Брак вышел в соседнюю комнату. Слышно было, как он с кем‑то разговаривает – мягко, но требовательно. Через мгновение он появился в дверях с младенцем на руках.

– Это Хайнц, – сказал Боулер. – Он родился на одной из наших ферм. Очень удачный экземпляр.

На мальчике была пижама. Он щурился от яркого света и тянул ручонку в партийном приветствии.

– Посмотрите‑ка на маленького Хайнца. Очень любопытно. Его отец – немец из судетов, мать – тоже немка, но из Румынии. Поразительно, как в изгнании им удалось сохранить первозданную расовую чистоту! Разве это не еще один аргумент в пользу нашей теории?

Малыш зевнул и начал сосать палец. Его светлые волосики были взлохмачены.

– С этими манерами придется расстаться, Хайнц, – серьезно сказал Боулер. – Солдаты пальцы не сосут. Это разрешено только девочкам.

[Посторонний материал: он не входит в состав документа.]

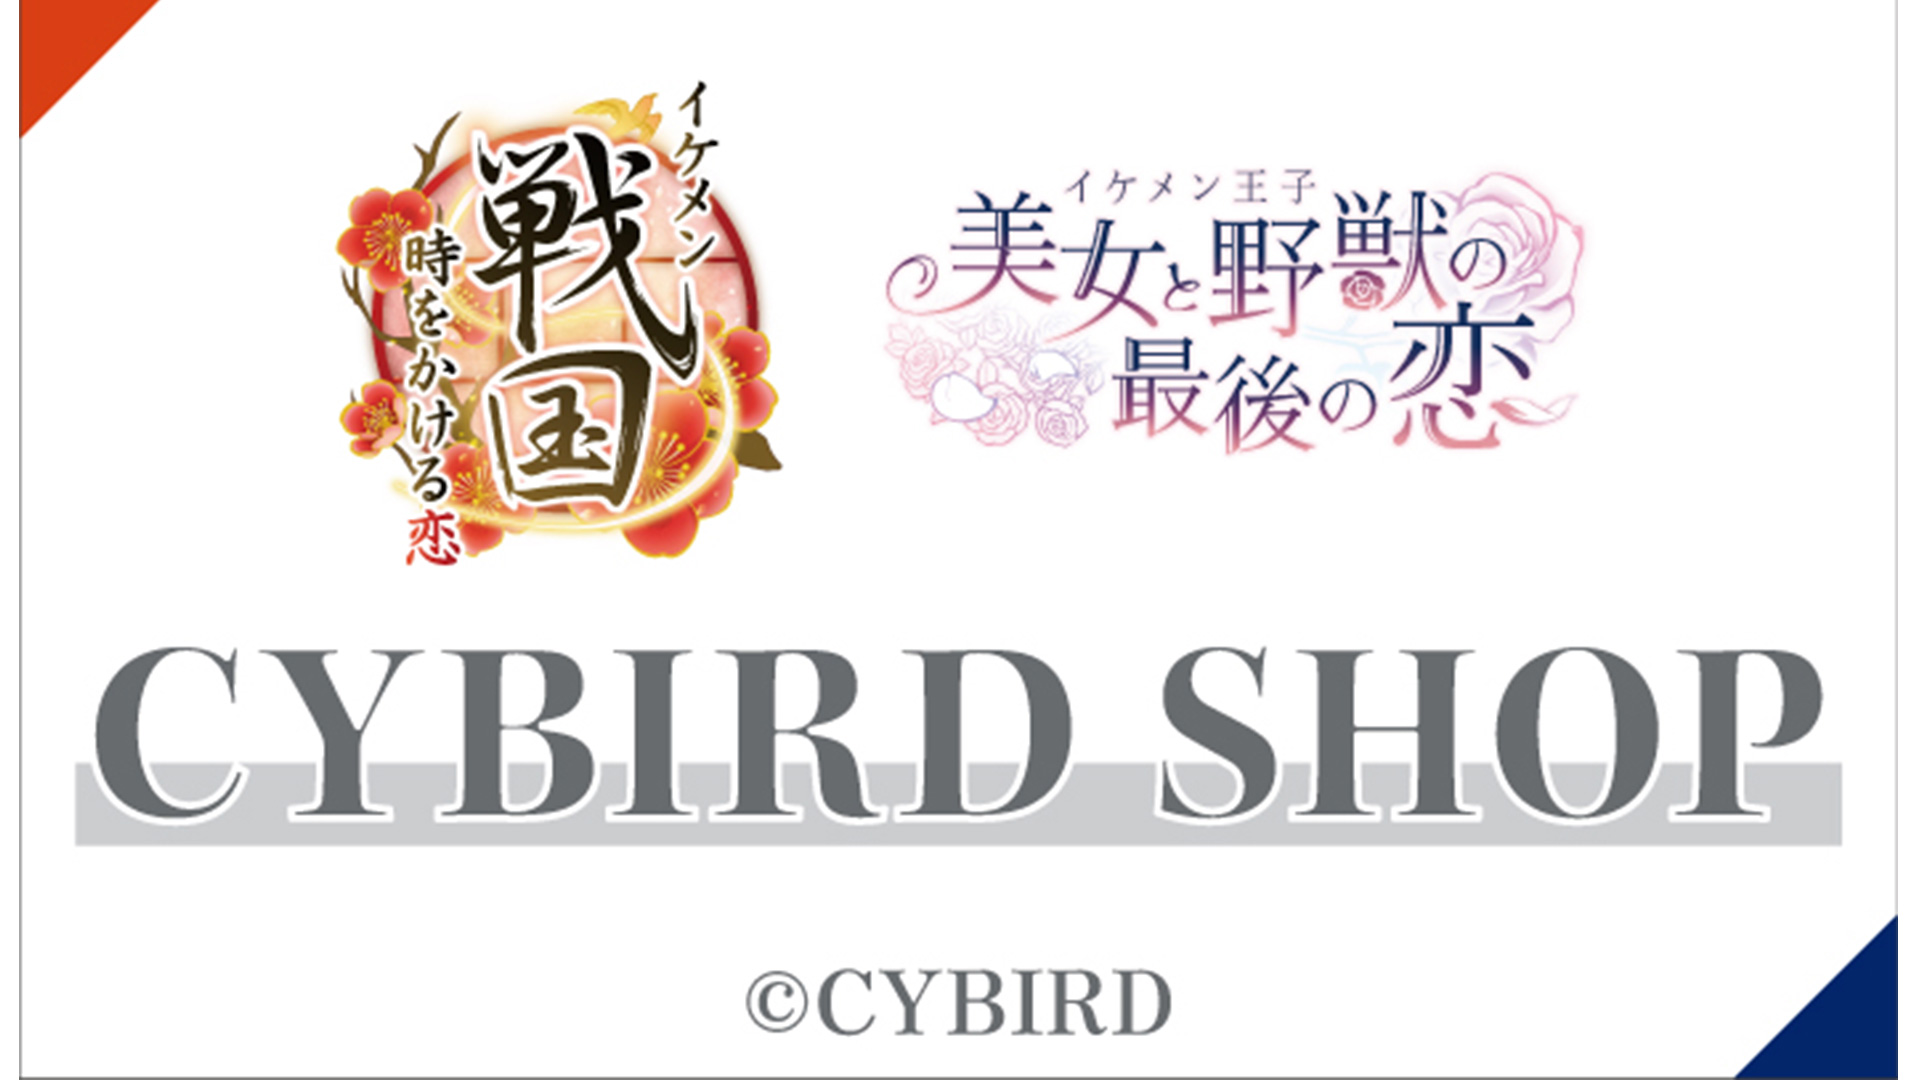 CYBIRD SHOP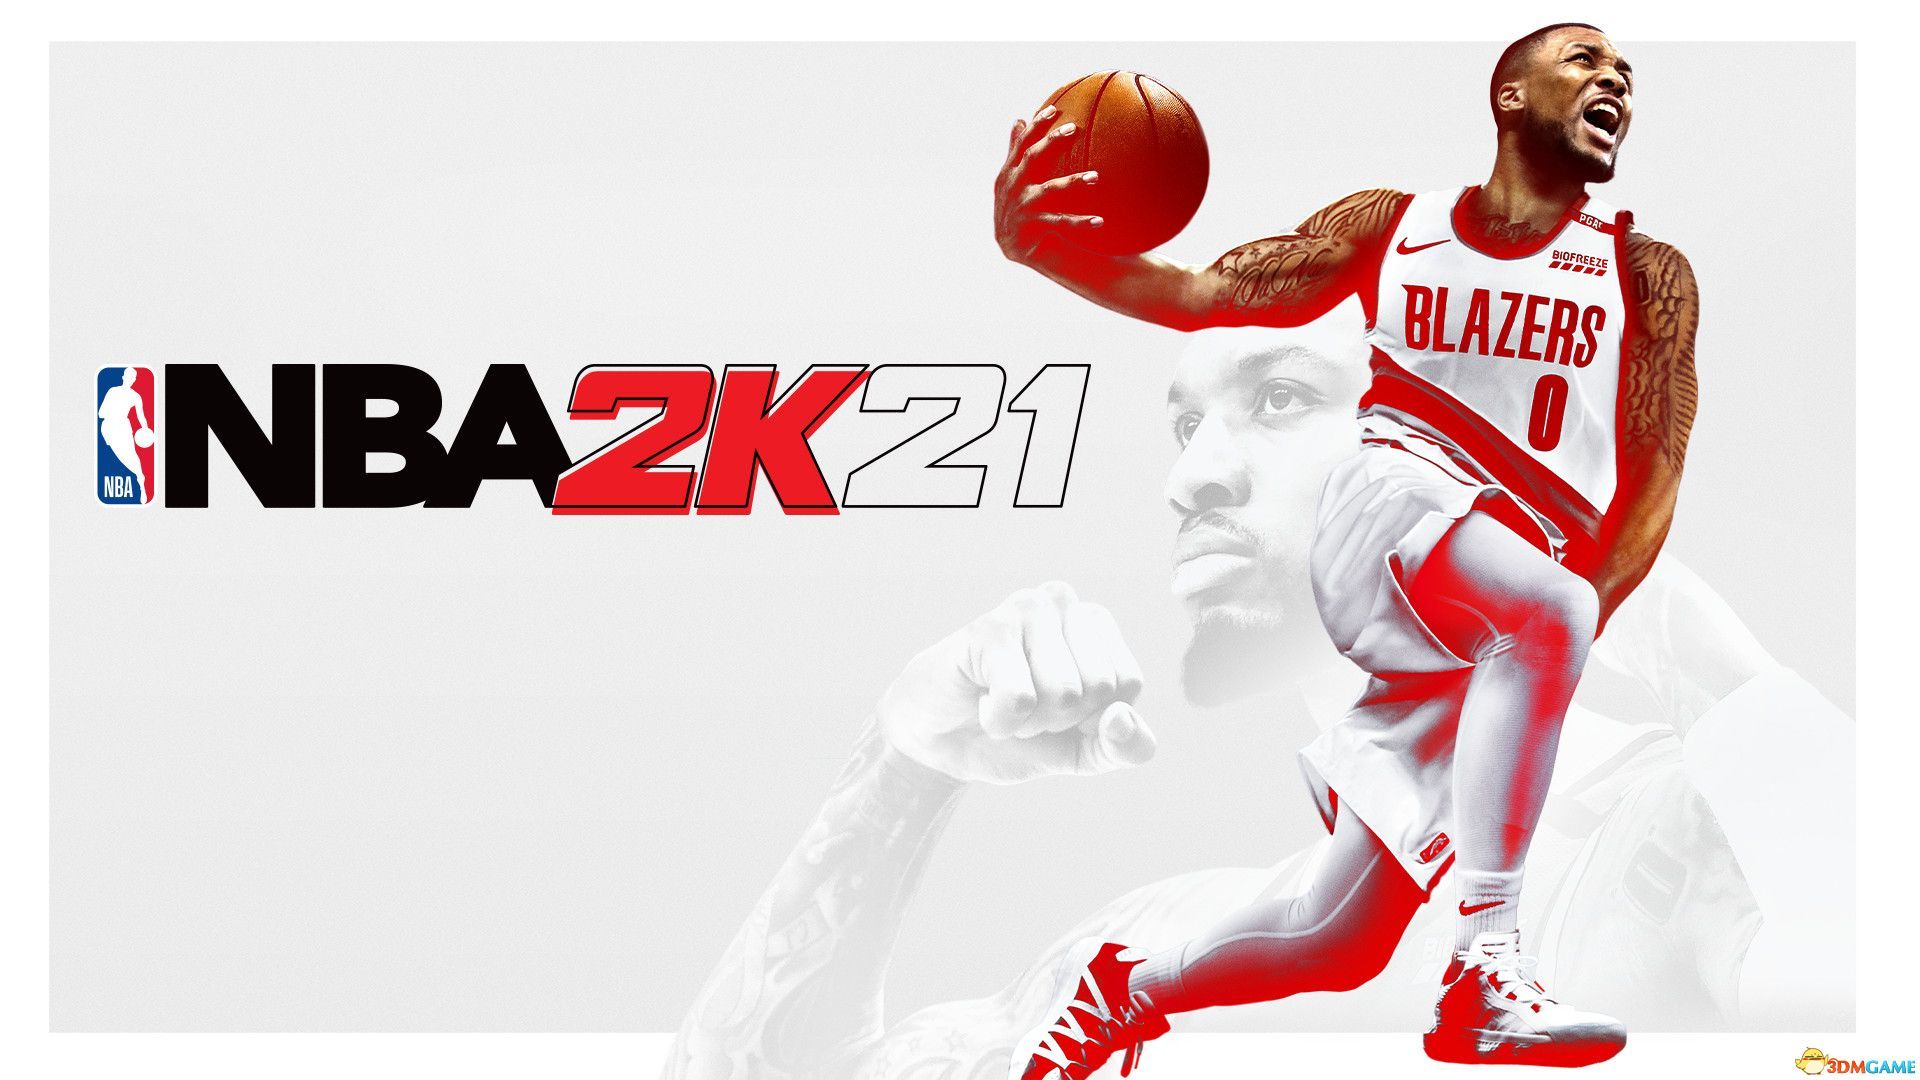 《NBA2K21》新增內容及改動內容詳解 操作技巧及玩法心得總匯

Он знаком приказал Браку унести ребенка.

– Заинтересованы? – спросил он. – Мой инстинкт говорит мне, что вы как раз тот человек, кто нам нужен. Не сомневайтесь, Рубашов! Вас ожидает превосходная жизнь!

Он поднялся, подошел к полке с книгами и достал фотоальбом.

– Посмотрите‑ка сюда. Это снимки с одной из ферм. Новорожденный на снимке – Хайнц. Мать кормит его грудью. Отца, судетского немца, на фотографии нет. Он в соседней комнате.

Боулер перелистал альбом. Большая, во всю страницу фотография представляла нескольких голых парней, сидящих на койках в напоминающем казарму помещении. На стене висели графики, похожие на температурные кривые. На ночных столиках стояли цветы, над каждой койкой висел портрет Гиммлера.

– Это наши мальчики, – сказал Боуер. – Посмотрите только, какая потенция! Ржаные волосы, неподкупная расовая сознательность. Истинные солдаты. Но никаких донжуанов. Мы не открываем бордели на деньги налогоплательщиков. В зале номер девять происходит размножение. Мы измеряем у женщин температуру во влагалище, дожидаемся наиболее благоприятных условий для оплодотворения и только тогда даем им направление в зал номер девять. Эти жеребцы легко справляются с дюжиной за день.

Он вновь перевернул страницу. В саду, под большим зонтом, обедала группа юношей и девушек.

– Как только женщина понесет, ее переводят в другое здание. Тогда приезжают другие, вот как эти. Мы даем им возможность пообщаться с производителями пару недель, прежде чем они идут в дело. Создать настроение – далеко не последнее дело, Рубашов. Мы тщательно следим, чтобы они получали все самое лучшее. Добротное питание, хорошее вино. Свежий воздух, прогулки. В таких условиях у нас никогда не будет недостатка в доброкачественной продукции. Выводок Хайнца, например, один из образцовых. Он захлопнул альбом.

– Ну что, договорились, Рубашов? Только дайте нам знать. Виш говорит, что вы очень необычный человек.

Он позвонил в колокольчик, и в комнату вошел человек, одетый, как дворецкий, с подносом, уставленным бокалами с шампанским. Он обошел всех и остановился перед Рубашовым с последним бокалом.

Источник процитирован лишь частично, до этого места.